The numbers become more and more important. This past weekend, we lost the Patriarch of my moms family. My mother’s eldest brother went on to join the Great Divine after being here for a bit more than 87 years. What I do know is that he went without fear as his devotion to the One was great, and I hope one I too can emulate his strength, knowledge and love. He was the oldest of 11 siblings of which only 4 remain, one being my mother, and I would be lying if the question didn’t come to me for her: how long does she grace my life? Each of these siblings created a dynamic universe that we assumed was normal, but it wasn’t. They did well, had booms, busts, and then slowly each of them came to the One who allowed them peace.

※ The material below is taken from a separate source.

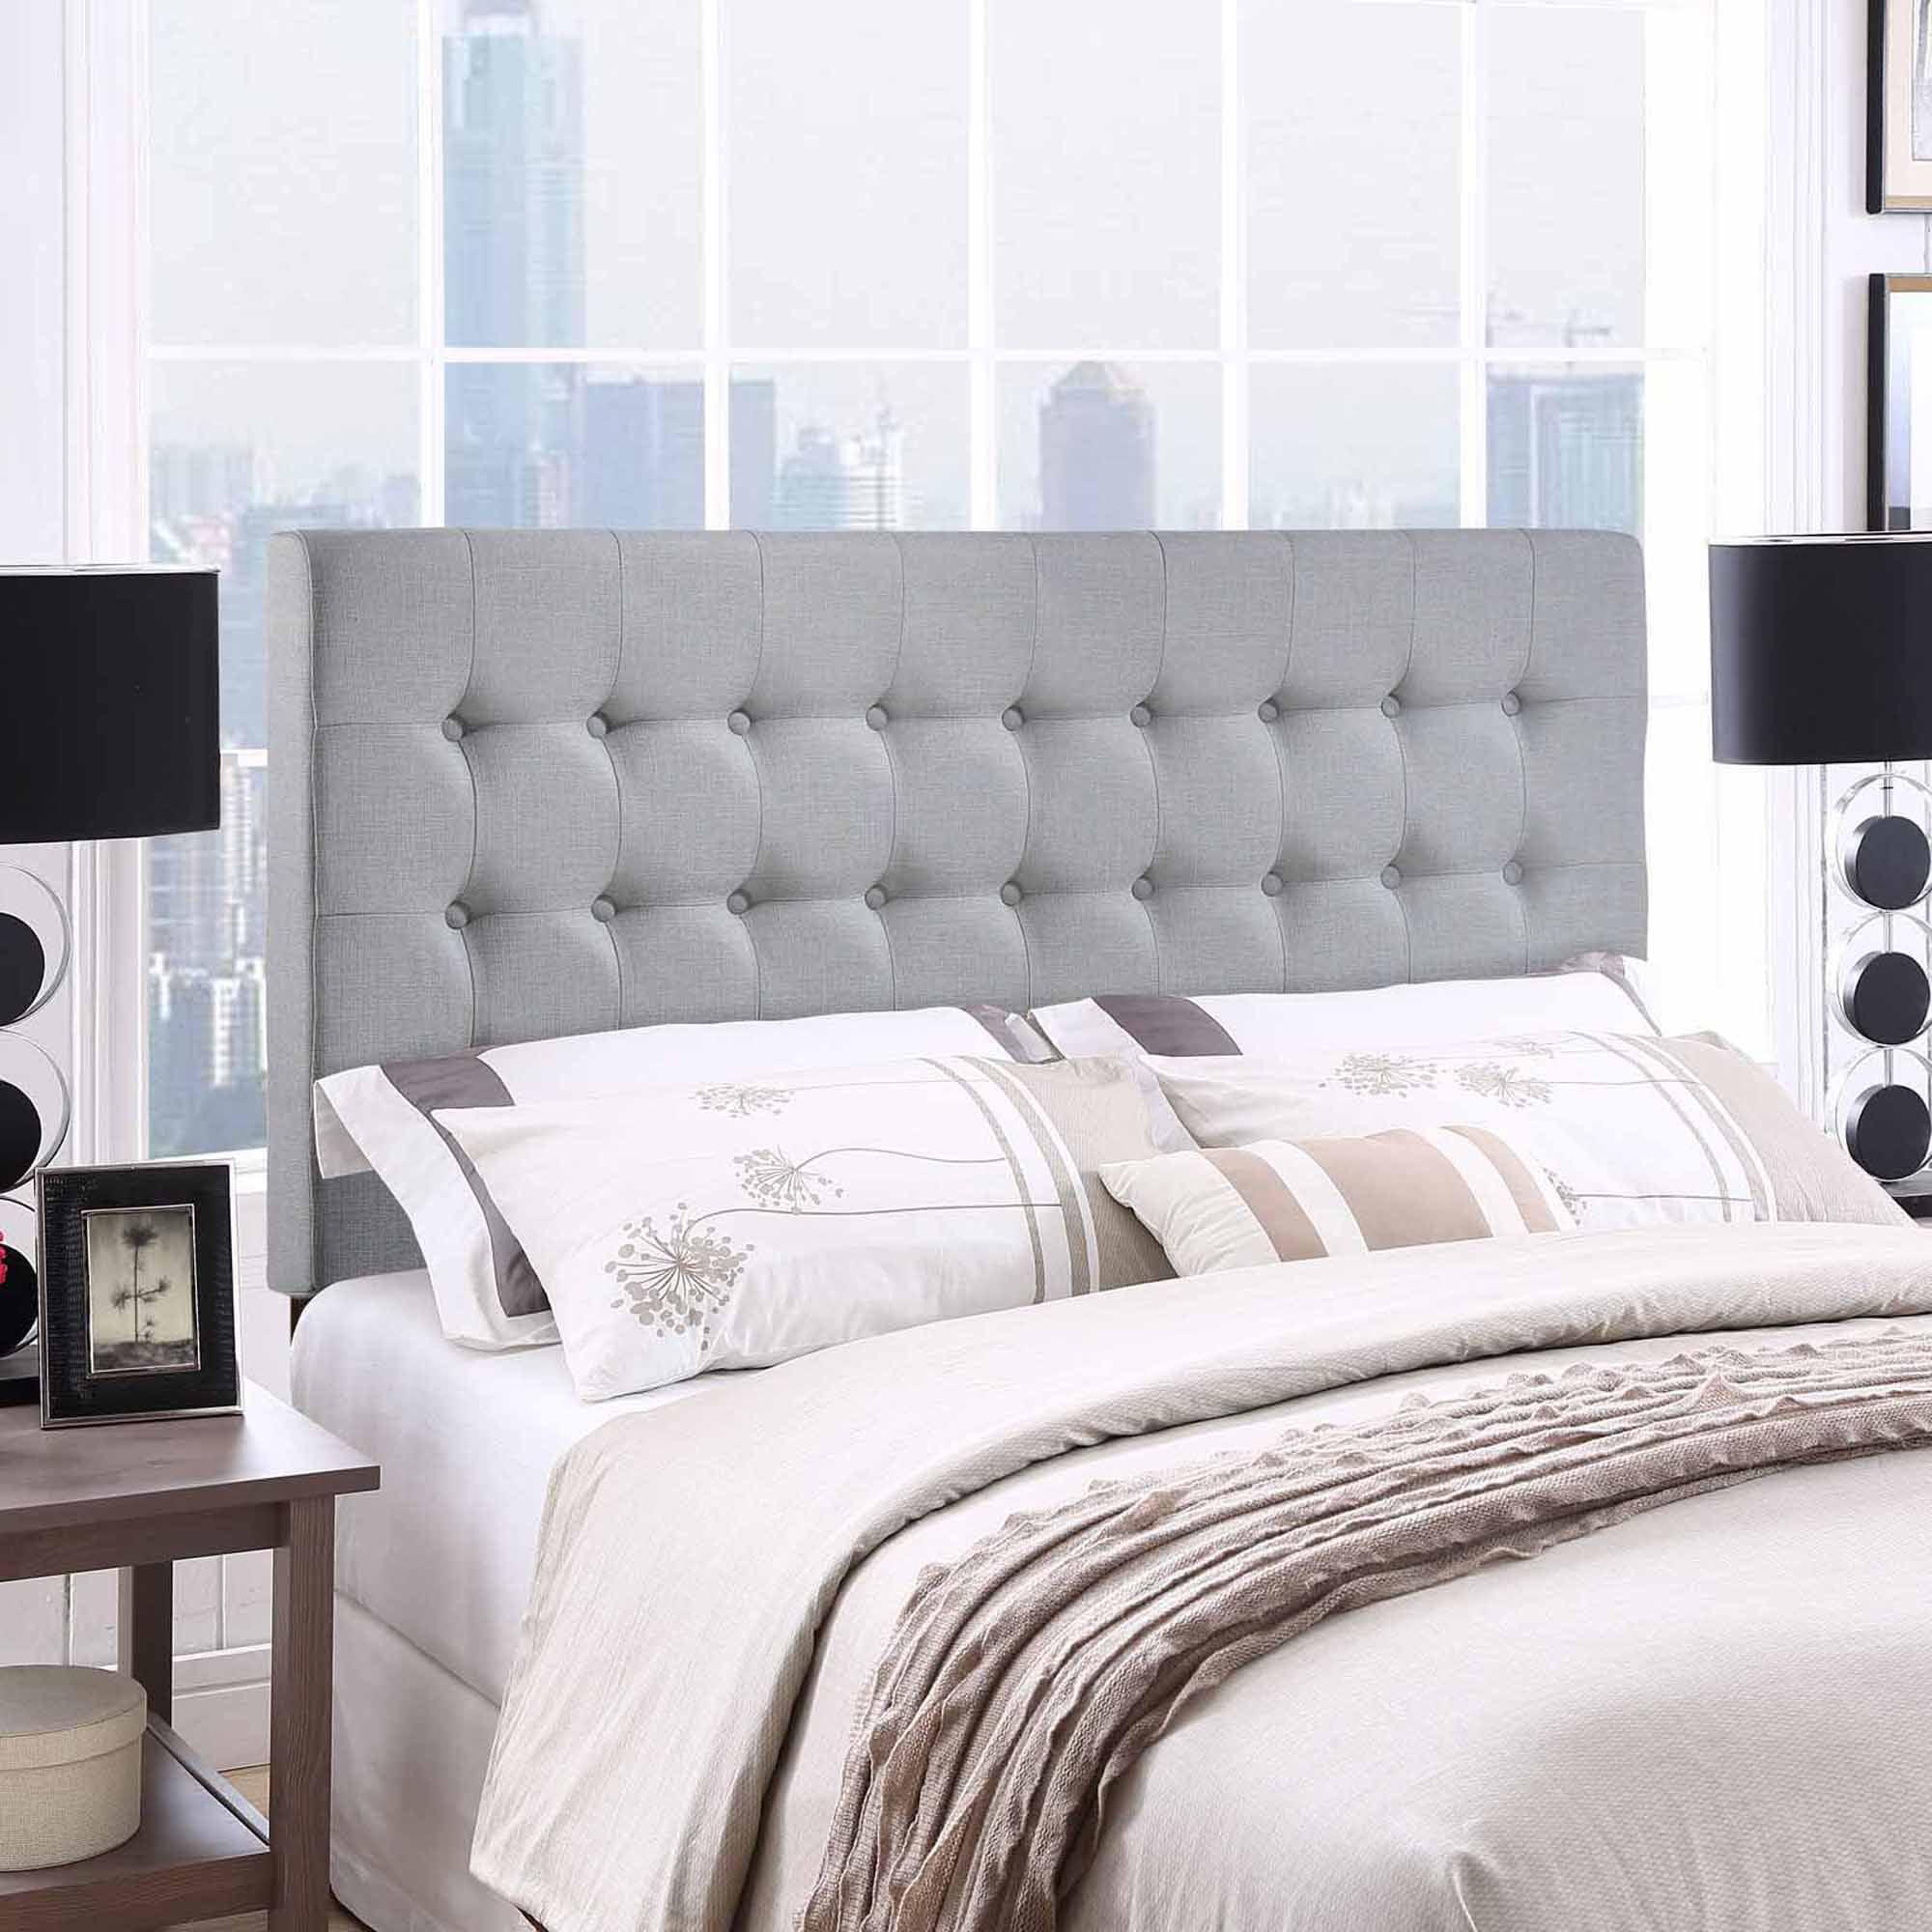 modway tinble queen tufted upholstered headboard in gray  walmartcom -
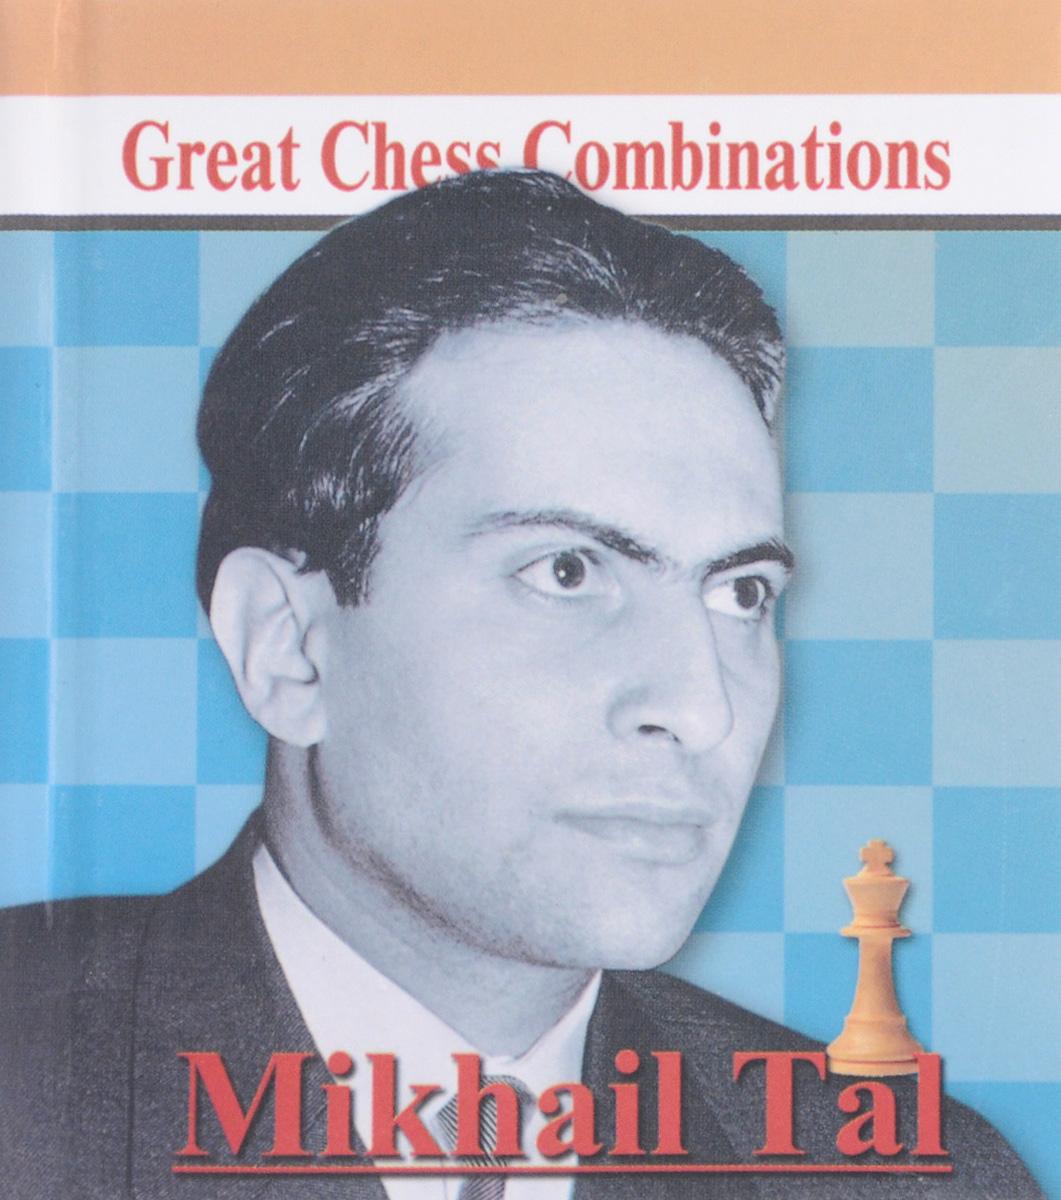 Фото - Александр Калинин Mikhail Tal: Great Chess Combinations / Михаил Таль. Лучшие шахматные комбинации (миниатюрное издание) калинин а михаил таль лучшие шахматные комбинации

My uncle was amazing in that he made anyone that came into contact with him feel special. He had a way of connecting of the past to the present which felt as if no time had passed when I was around him as a baby. He had a special name for everyone, and for me it Sanjay Shah, a title truly for which I am undeserving unless its ruling over doubt and unworthiness, but in his presence, it all felt doable like it fit

I am glad I got to see him a few months ago in New York, and for once, there is no regret because I experienced him in his calm element. His grace and joy at seeing all of us together, the ultimate gift. This is a man who gave so much of himself in service to others, but yet never asked for anything in return. This is the legacy we get to live, and I am truly grateful I got a chance to spend some time in his light. He will be missed, but I also know he will hanging out with his best friend as well, my father. Makes sense he left the same month as him.